== EXERCISE OBJECTIVE ==
Your copy should contain exactly the lines from the start of the listing through the line that holds "Krzyż na pomnik, nagrobek, krzyż", and no pictures.

== PROVIDED MATERIAL ==

※

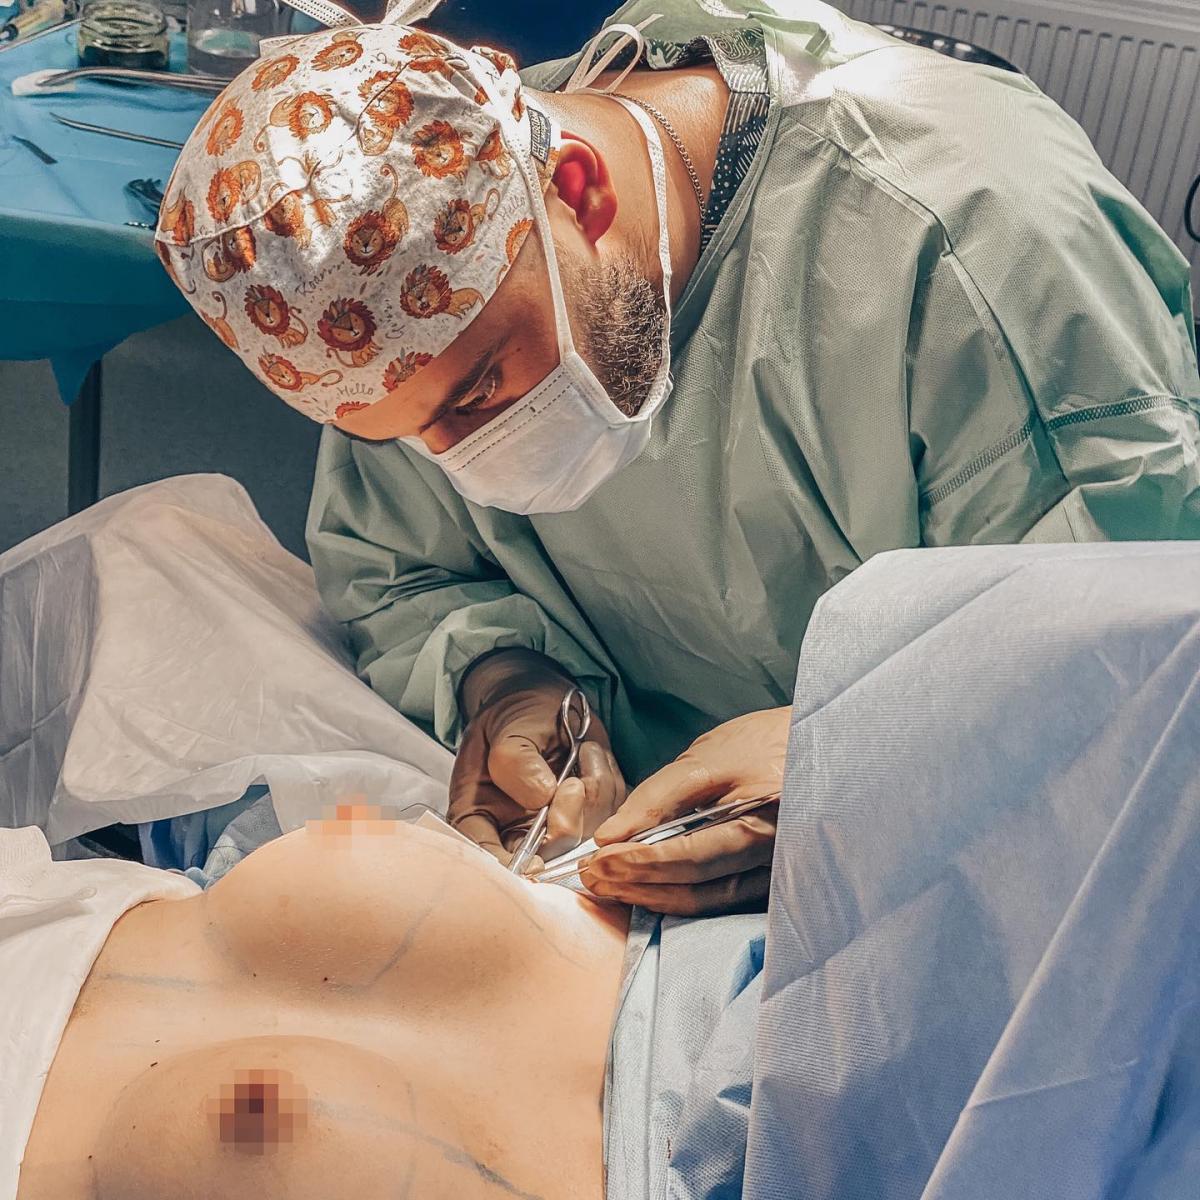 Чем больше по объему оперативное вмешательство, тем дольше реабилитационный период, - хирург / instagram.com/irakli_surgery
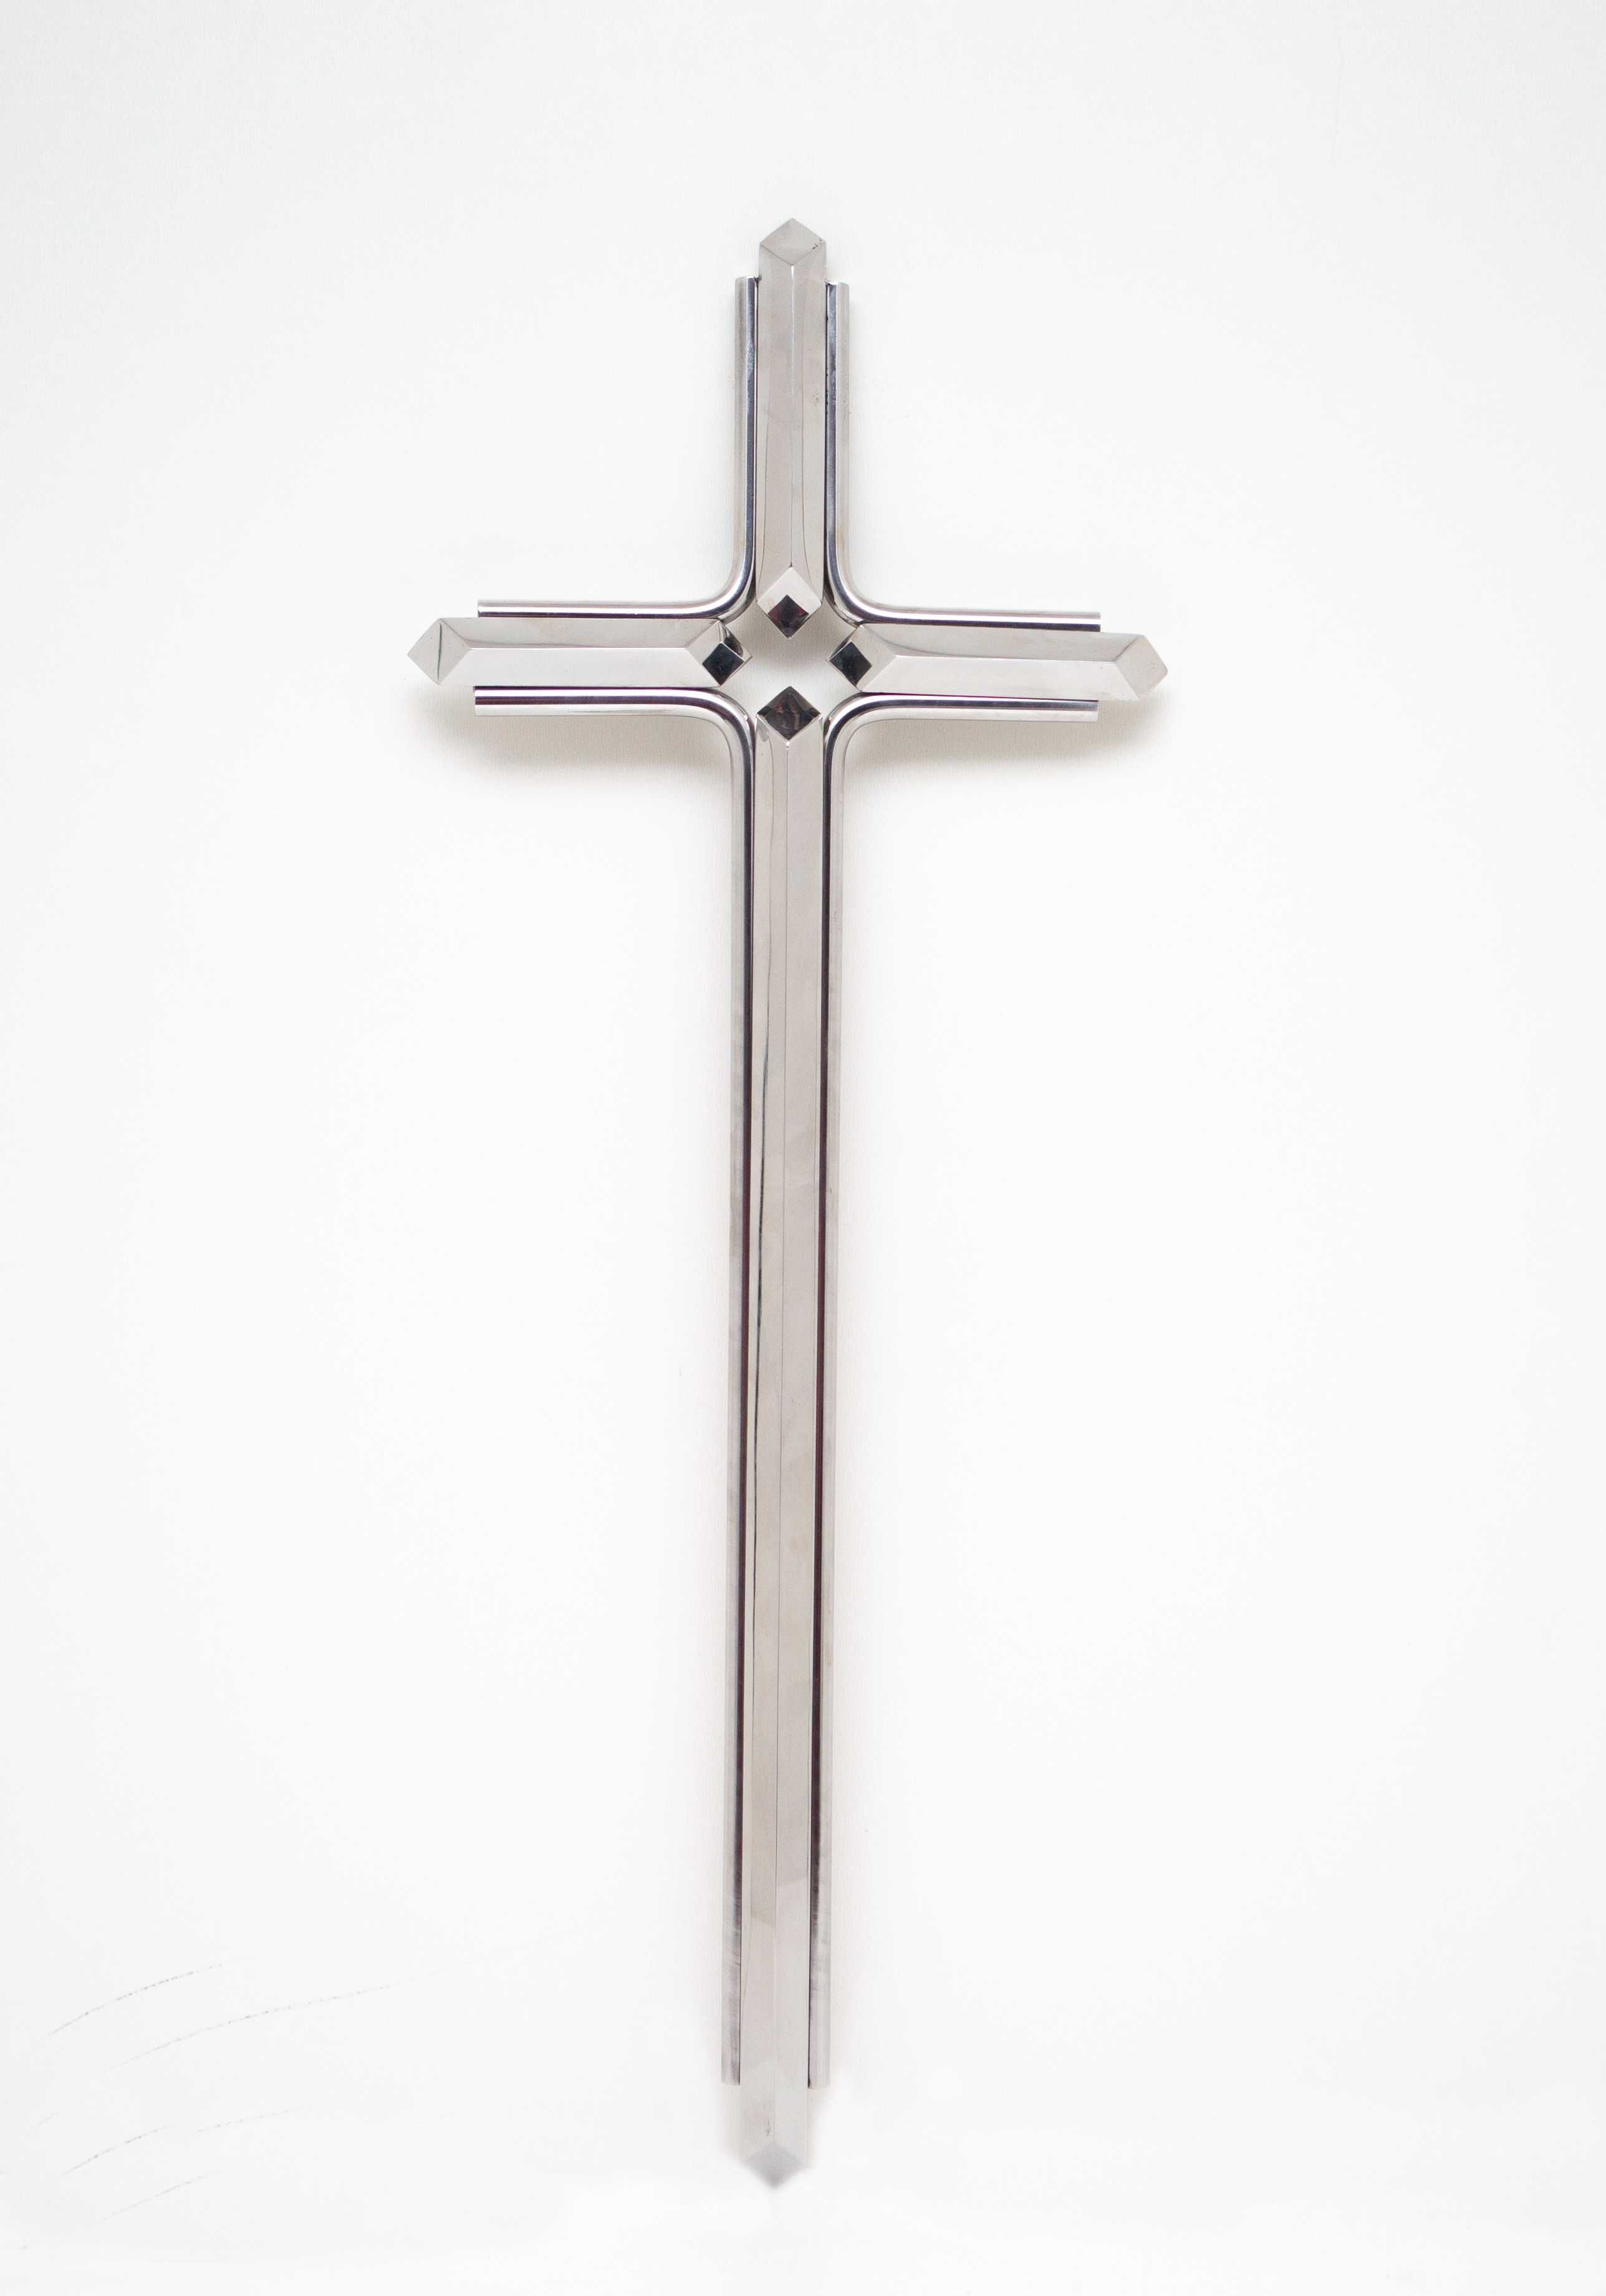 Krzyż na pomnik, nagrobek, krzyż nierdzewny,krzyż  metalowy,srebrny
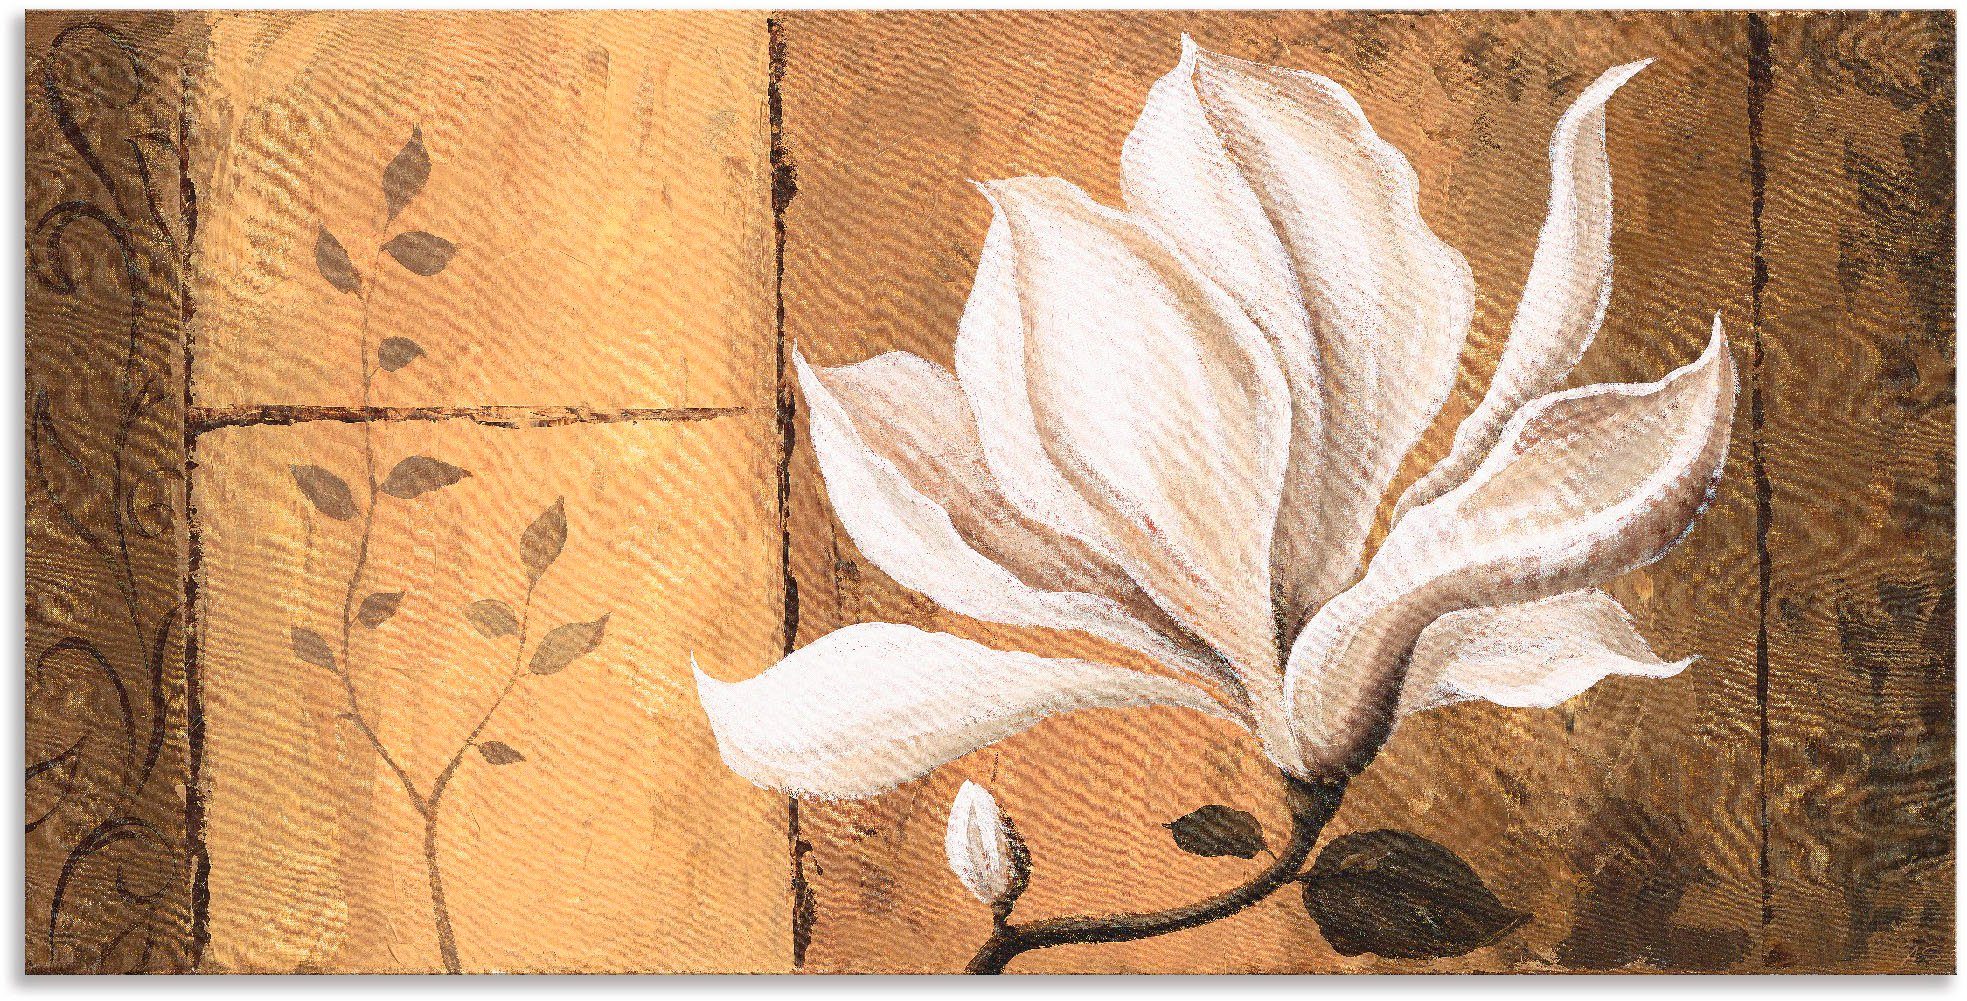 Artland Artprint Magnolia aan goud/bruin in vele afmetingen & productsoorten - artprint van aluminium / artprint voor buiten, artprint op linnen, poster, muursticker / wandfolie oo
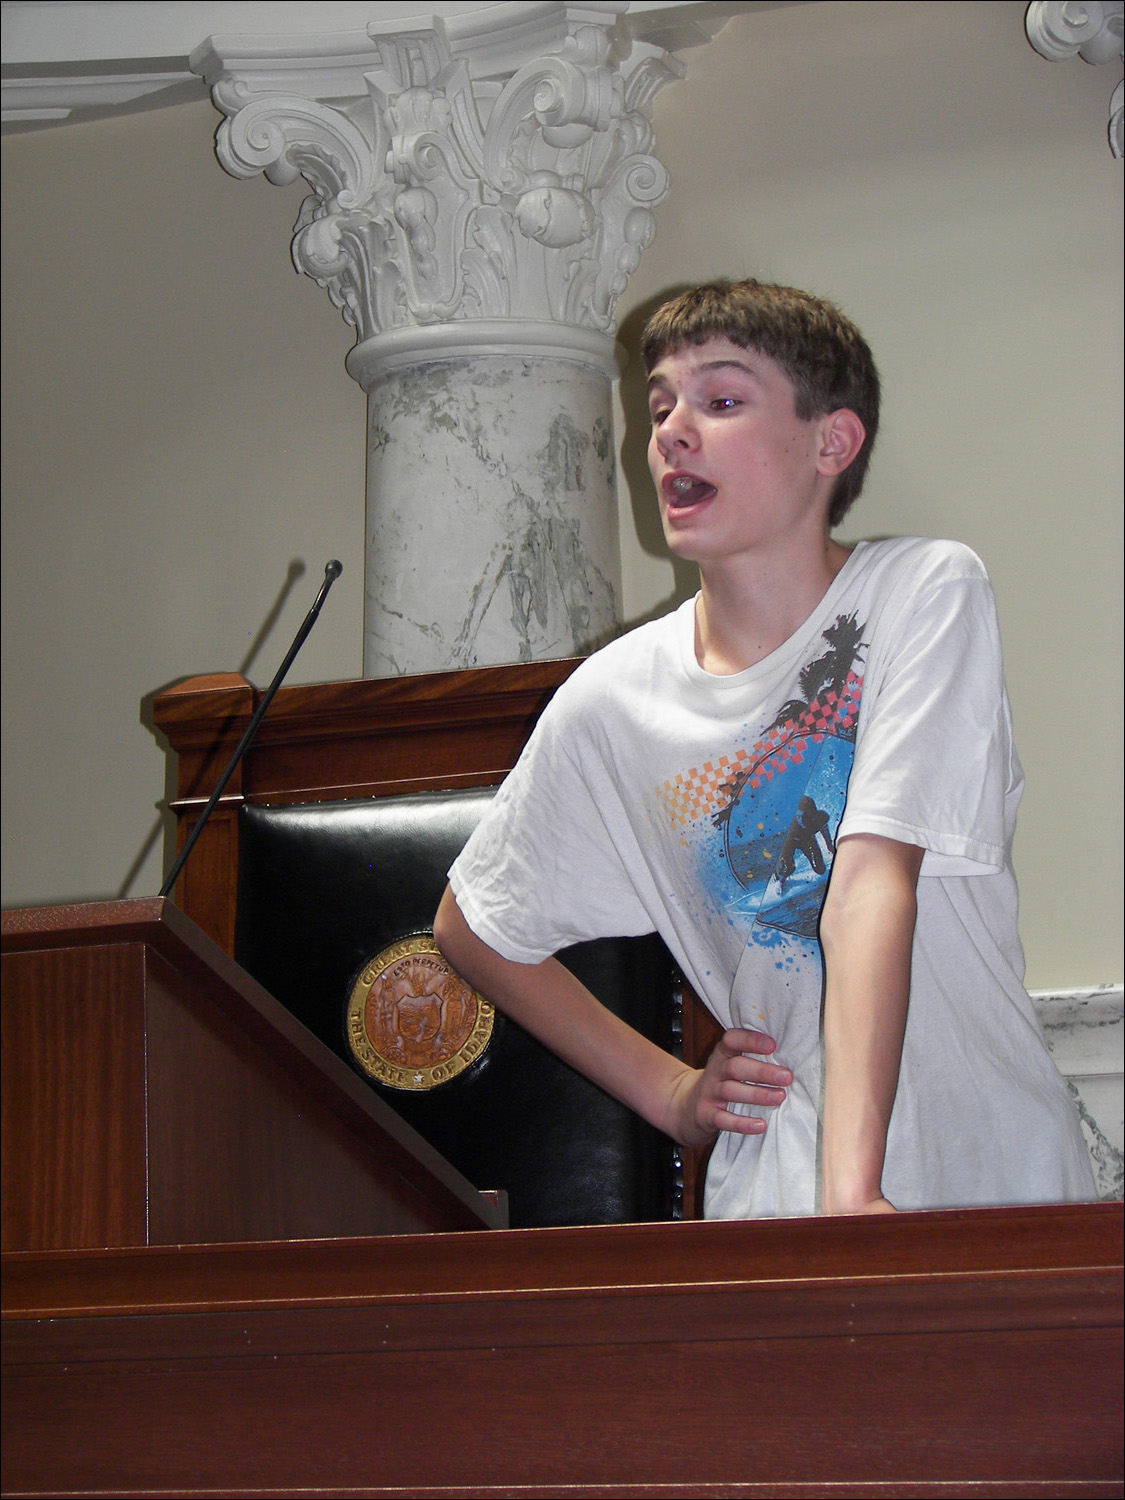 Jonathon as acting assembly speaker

※

== REPLY ==
 Чем больше по объему оперативное вмешательство, тем дольше реабилитационный период, - хирург / instagram.com/irakli_surgery
 Krzyż na pomnik, nagrobek, krzyż nierdzewny,krzyż  metalowy,srebrny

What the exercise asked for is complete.